Finally, the finding that VTL discrimination was associated with age at implantation may be related to the natural range of variation relative to sensitivity, which is smaller for one cue than the other. In natural speech, F0 varies considerably to indicate prosodic distinctions, with a standard deviation (SD) of about 3.7 semitones, whereas VTL is relatively fixed, with a SD of only about one semitone (Chuenwattanapranithi et al. 2008; Kania et al. 2006). Thus, late-implanted CI users who have degraded spectral resolution may find the learning of VTL cues more difficult as compared to F0 cues.

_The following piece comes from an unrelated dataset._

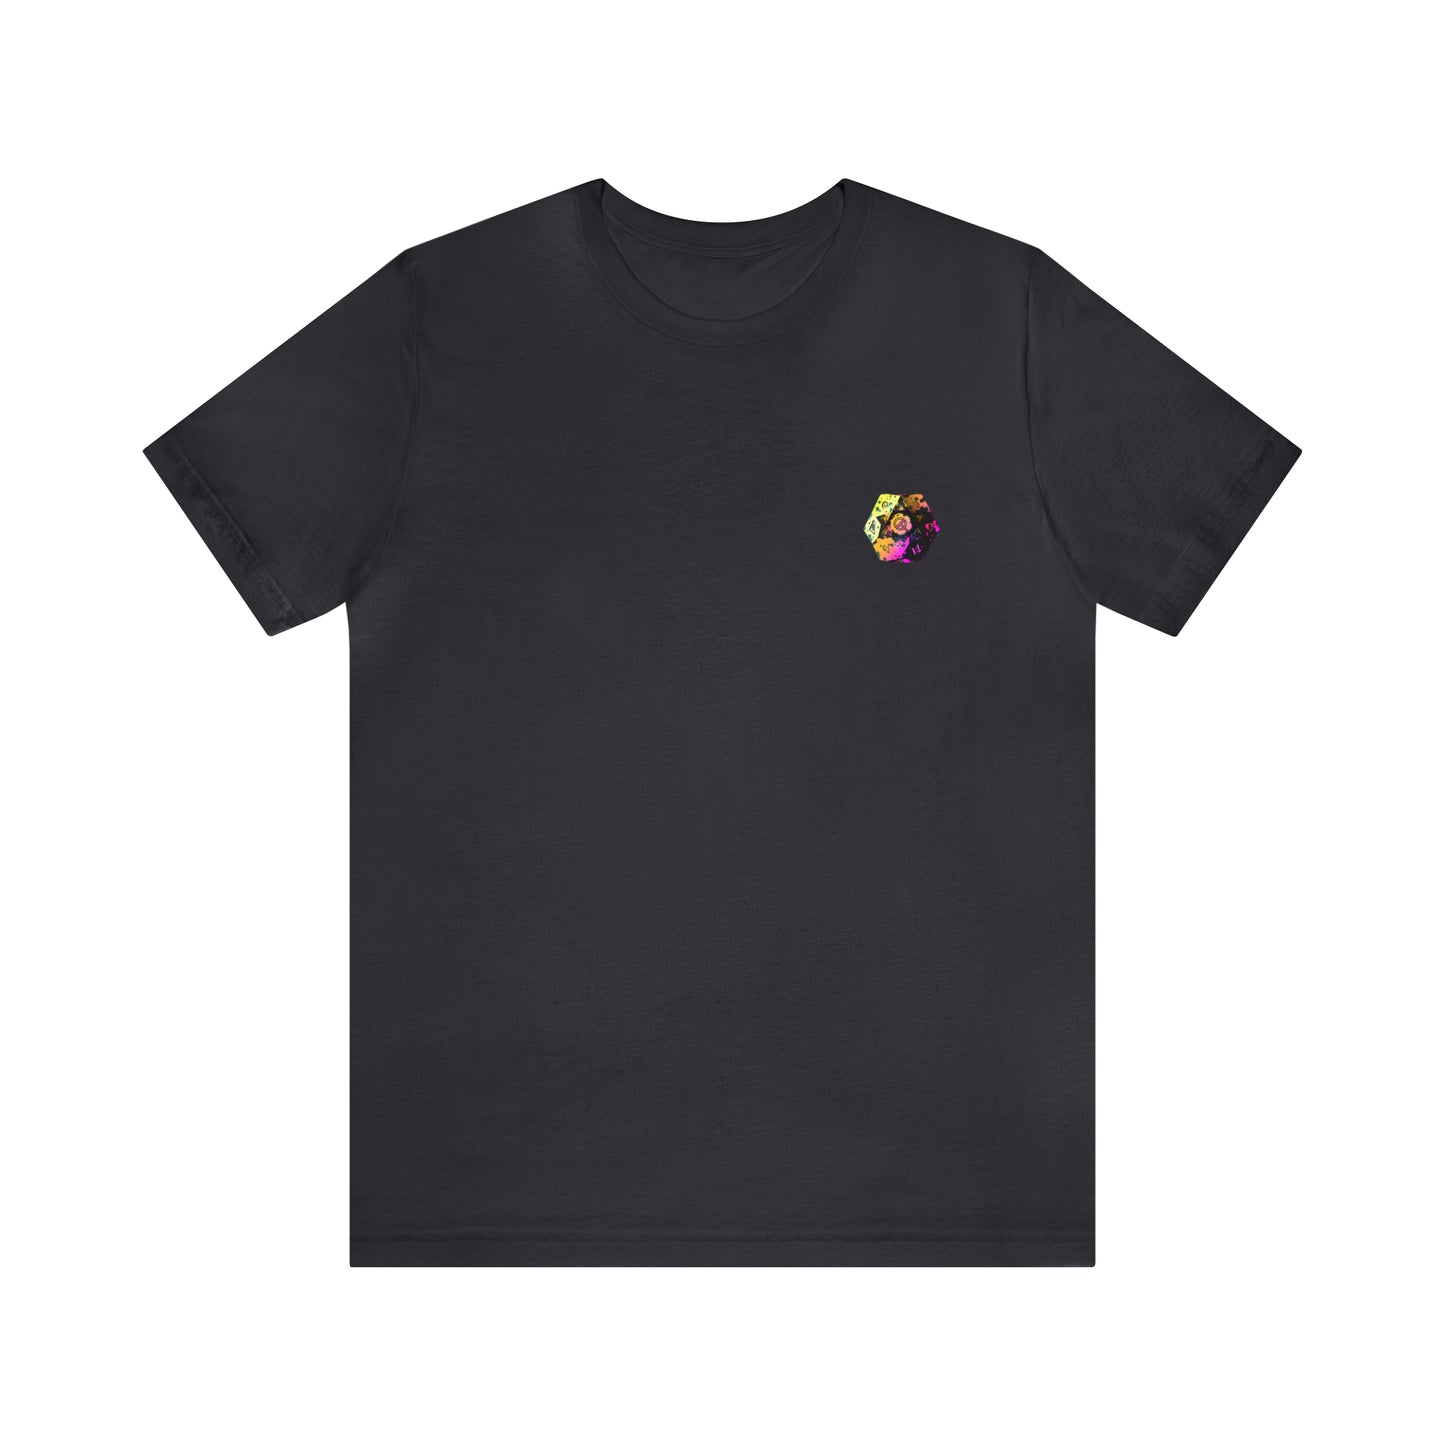 dark-grey-quest-thread-tee-shirt-with-small-neon-splatter-d20-dice-on-left-chest

The present findings are supported by those of Kovačić and Balaban (2010), who showed gender identification to be inversely related with the period of auditory deprivation in CI users 5.3–18.8 years of age. Other studies, however, have reported no correlation between experience with CI and gender categorization (Massida et al. 2011, 2013). This controversy probably stems from the fact that the participants of the current study and those of Kovačić and Balaban’s study were prelingually deafened, whereas participants in Massida et al.’s studies were postlingually deafened. Individuals with postlingual deafness have the advantage of early exposure to acoustic hearing, and it is possible that their robust spectral organization, as well as their top-down interactions with early sensory areas in the auditory pathway remained viable following auditory deprivation and subsequent cochlear implantation (Kral and Tillein 2006; Tao et al. 2015). Moreover, this early auditory experience may have enabled the formation of robust “extraction” processing, translating the salient spectral information from the acoustic cues of speech to VTL perception. Therefore, one would expect gender discrimination ability, though inferior to that of individuals with NH, to be restricted only by the limited spectral (and temporal) resolution transmitted by the CI in postlingual adults. The prelingually deafened adults assessed in the current study have relied exclusively on electric stimulation as their template for hearing, thus may have been more susceptible to the degraded spectral (and temporal) cues provided by the CI.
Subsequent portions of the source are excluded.